I believe that most developers do not understand the full potential of unit testing. I also believe that writing unit tests does not have any sense before you know how to do it right (I’ve written about that in another post
Most people think that you can only write unit tests to find bugs in your implementation (which is unnecessary, because you do not create bugs, anyways).
Therefore, most articles about unit testing that are out there won’t help you, because they focus on how to create the most efficient, most beautiful, and most maintainable test cases.
In this article, I will be a bit more pragmatic. I want to give 5 particular insights you can gain from executing your test cases. This should show you the many ways that you can benefit from actually writing unit tests.
Check them out and let me know what you think in the comments section below!
1. Identify the impact of code changes on the overall system.
If you implement something, and you run your tests, you should immediately see the impact of your changes on different (all?) aspects of your system. If a test begins to fail (meaning it didn’t fail before), you know that the corresponding system part has been affected.
2. Find blind spots in your tests.
If you expect some parts of the system to be affected by your code changes, but the unit tests for these system parts still pass, you know that you have to add some test cases there. This way, you can identify blind spots (parts of the system that you expect to be covered, but aren’t) in your tests. Can these blind spots exist, even if you have 100 % code coverage? The short answer is yes, but I’ve also written a more detailed post
about this if you are interested.
3. Validate refactoring.
The idea of code refactoring is to improve the code structure of a system, without changing its functionality. The main focus is thereby the improvement of maintainability. But what if after the refactoring, some unit tests start to fail (because of an incorrect behavior of the tested system part, not because interface structures have changed)? You know that you have done refactoring wrong!
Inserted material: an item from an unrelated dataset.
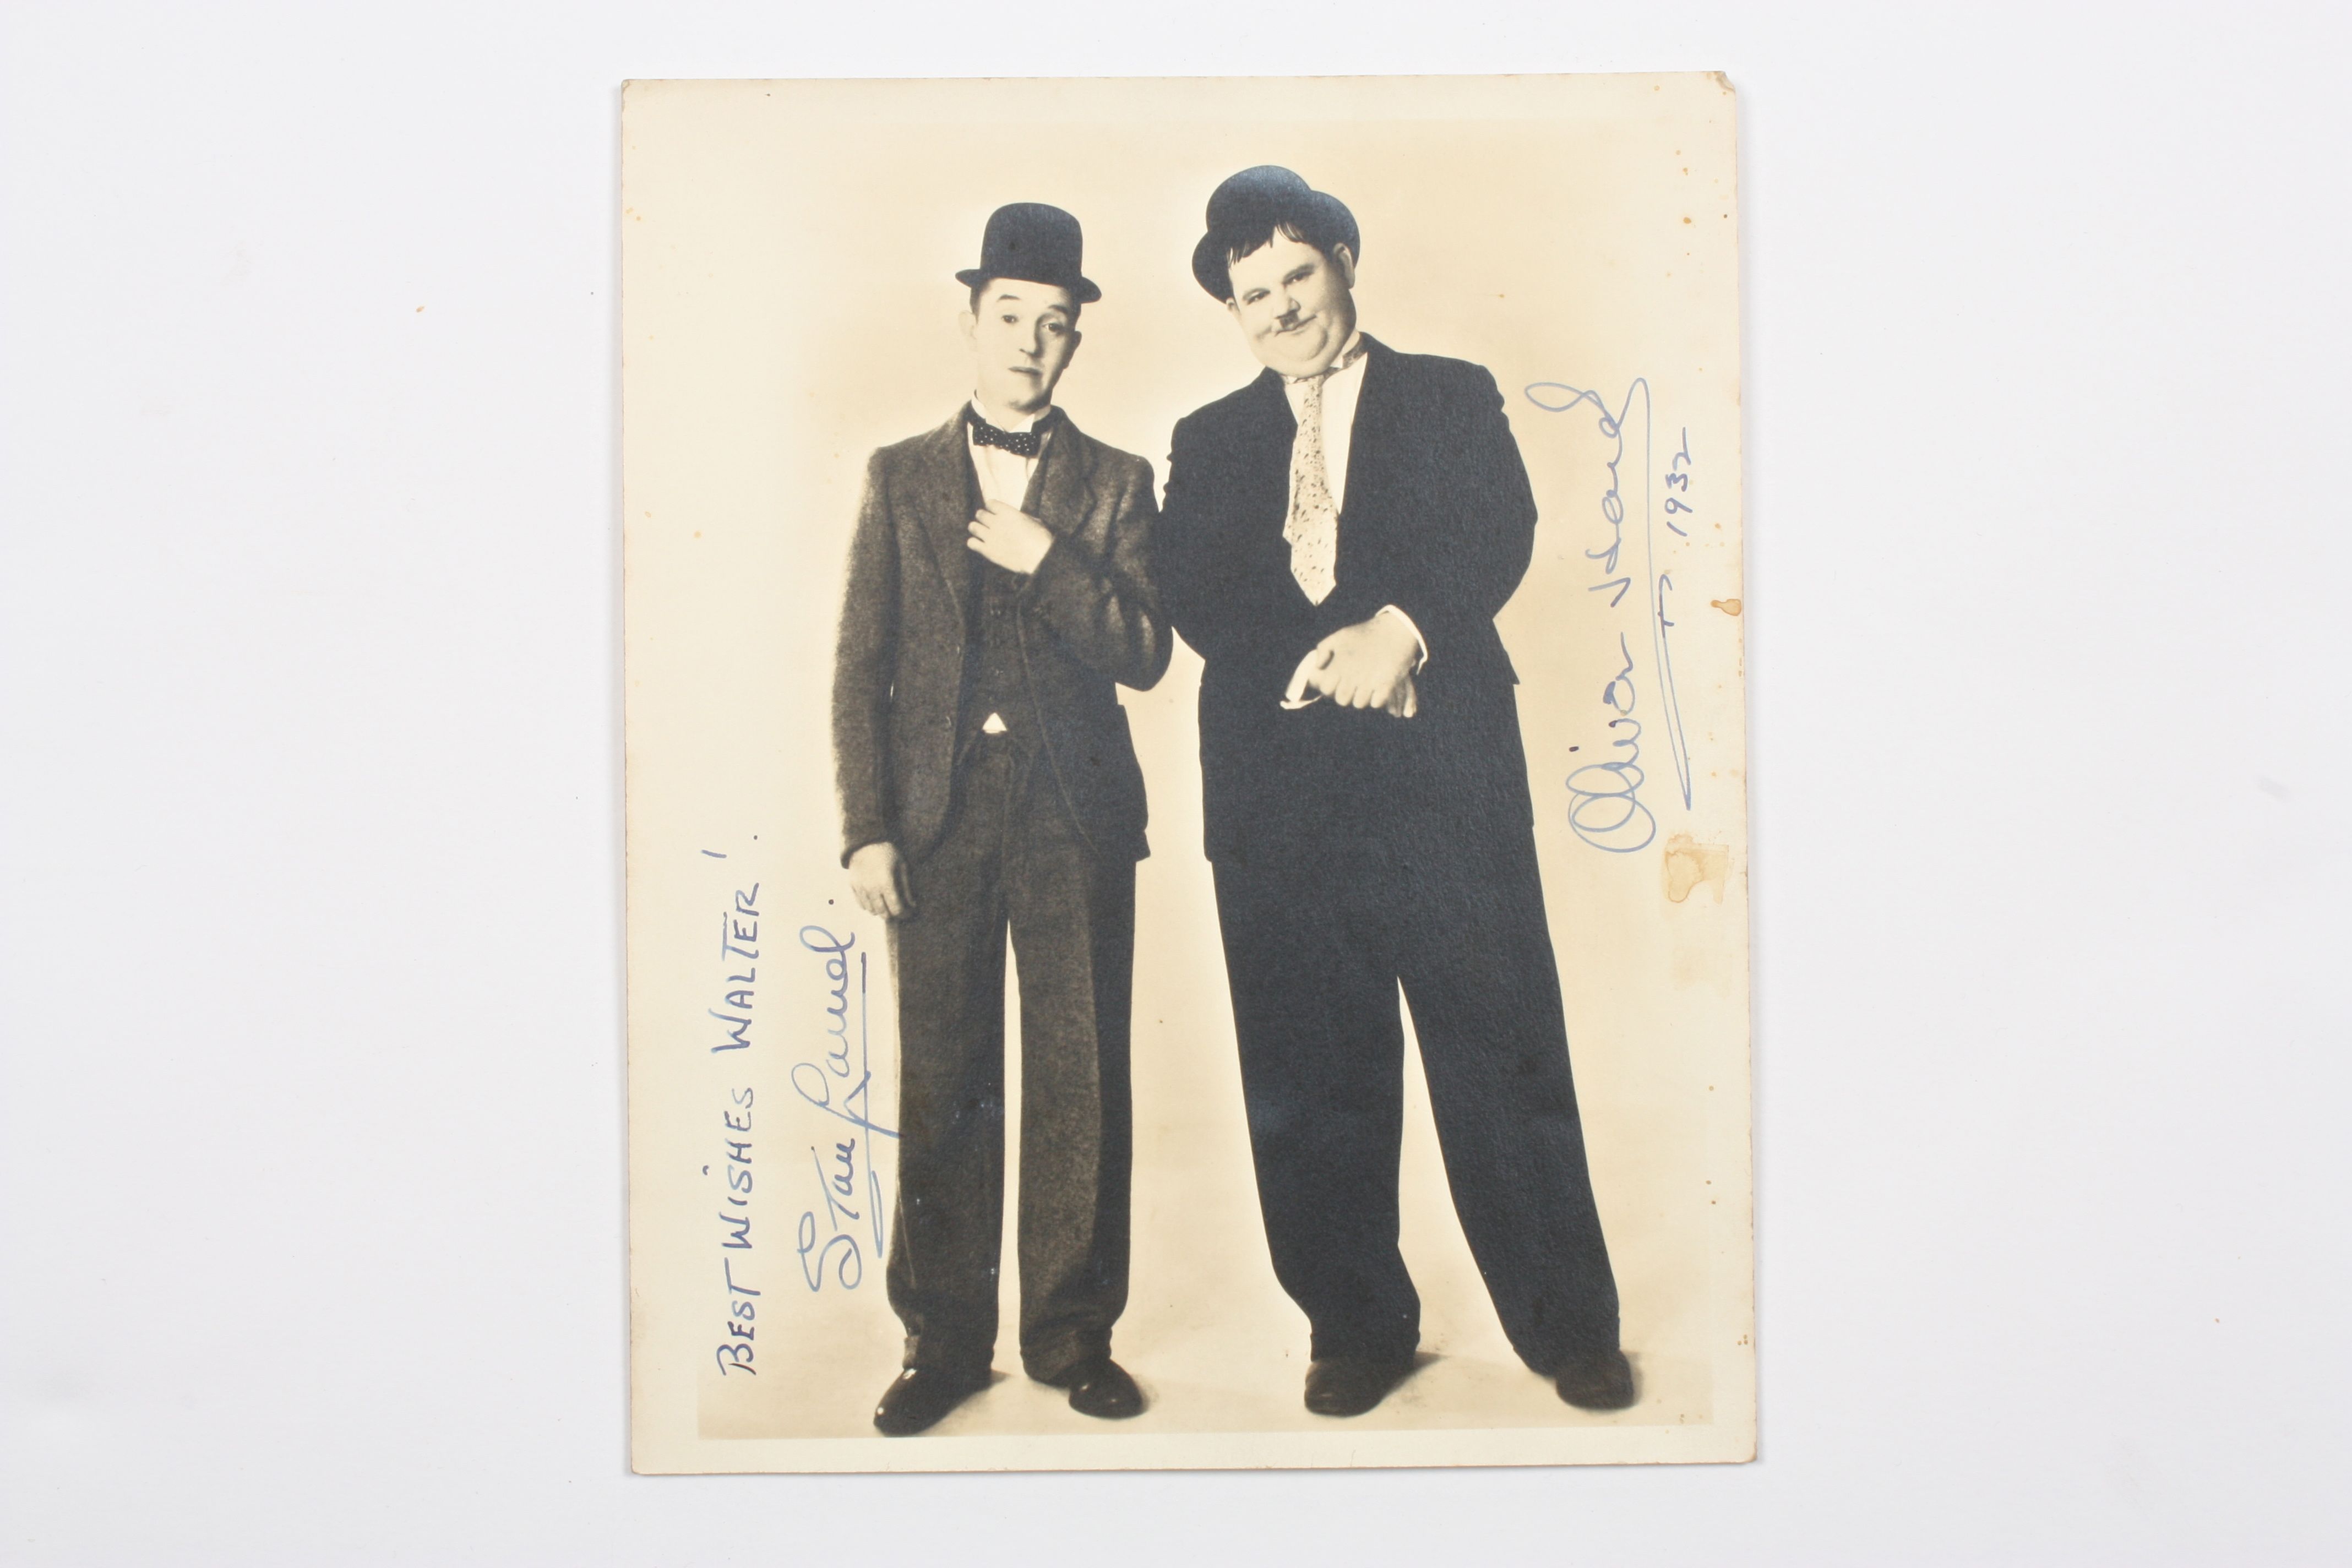 A Laurel & Hardy signed photograph
A signed photo of the comedy duo, gifted to Mr. Walter James

4. Assess the value of your unit tests.
By following test results over several execution runs, you can actually derive a lot of information on the quality of particular tests. (1) If test results change often between different executions (from fail to pass, and back to fail, …), the value of your test case is very high. You can usually find a lot of information about the defects/impacts of system changes/refactorings in these test cases. (2) If tests pass most of the time, you know that the underlying system parts are quite stable. The value of the test cases is therefore lower than in the previous case, but it is still important to identify these stable system parts). (3) If several test cases always fail at the same time, and then also go back to pass at the same time again, chances are high that they are redundant. The value of these redundant tests cases is therefore comparably low, and you can try to reduce them.
5. Derive implementation changes from execution times.
Usually, you expect a test case to fail, or maybe not even be executable any more, if the behavior and structure of the tested system is changed (intentionally or unintentionally). But what if the test still executes? And what if the result is even positive? Classic example: you expect an error message, but do not specifiy which one. And suddenly, your service method does not respond with the expected server error (e.g. 500), but throws a 404/408 client error, because the whole service isn’t available any more. However, these cases can still be identified. Usually, executing a test takes a similar amount of time over several test runs (this timespan is often neglectable when it comes to unit tests). If this execution time increases between test runs, this is often because the system has to work longer than usually (e.g. because the test client tries to contact the server several times). In some cases, test execution might even decrease, because the execution path is terminated earlier due to exception handling. Both ways, the change can be detected by having a look at the execution times of your test cases (or at least identifying outliers).